Johannes Schaub - litb
Yeah, my bad on the syntax. And I was thinking how const-ness of `this` is imputed to members, but it would still be a `T* const` and not a `const T*`, so the return type stays `T*` as you showed.
Ben Voigt
This is great, and *almost* works for my use case, but it throws up hairballs on things like `if (smart_ptr)`, `if (smart_ptr == 0)`, `if (smart_ptr != 0)`, which are all over the code and apparently were relying on the one-and-only implicit conversion to `T*` before. Now they all get ambiguous overload errors. Adding an `operator bool` makes some but not all of them go away; I'm reluctant to add an `operator int`, and I don't understand what boost's smart_ptr/detail/operator_bool.hpp is doing.
Zack
A: 

have not thought much about this but ... Can you provide an overload for operator delete which is strongly-typed for instances of your template class such that when the code is included compilation fails? if this is in your header file then implicit conversion in calls to delete should be prevented in favour of a call to your overload.
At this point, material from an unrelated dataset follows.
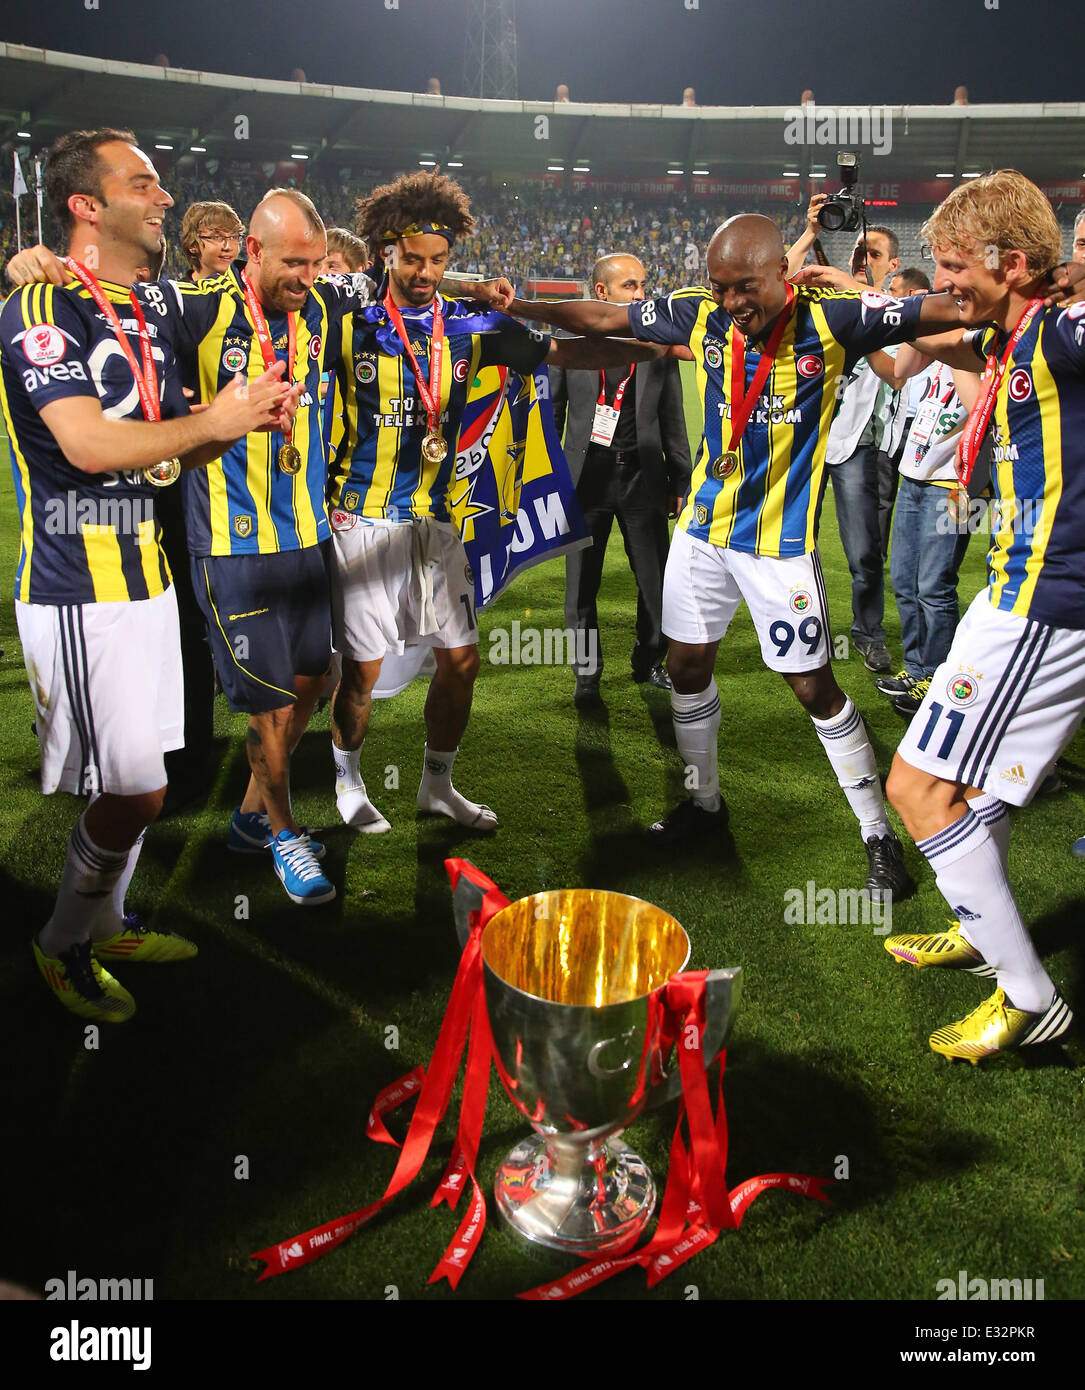 Fenerbahce players celebrate after winning the Ziraat Turkish Cup final  match between Fenerbahce ( yellow) and Trabzonspor ( blue) at 19 Mayis  Stadium in Ankara, Turkey Match Score: Fenerbahce 1 - Trabzonspor

operator delete(my_scoped_ptr) { //... uncompilable code goes here }

Apologies if this turns out to be a stupid idea.

Steve Townsend
No, that would get invoked for expressions of "delete pointer-to-smart-pointer", but not for "delete smart-pointer" which is causing the problem.
Ben Voigt
A: 

I can see where you do not want to do a massive application of .get()'s. Have you ever consider a much smaller replacement of delete's?

struct A
{
    friend static void Delete( A* p) { delete p; }

private:
    ~A(){}
};

struct B
{
};

int main() 
   { 

    delete new B();  //ok

    Delete( new A ); //ok

    delete new A; //compiler error

    return (0); 
    } 
jyoung
This only helps if I can modify the pointed-to class, which I can't in general.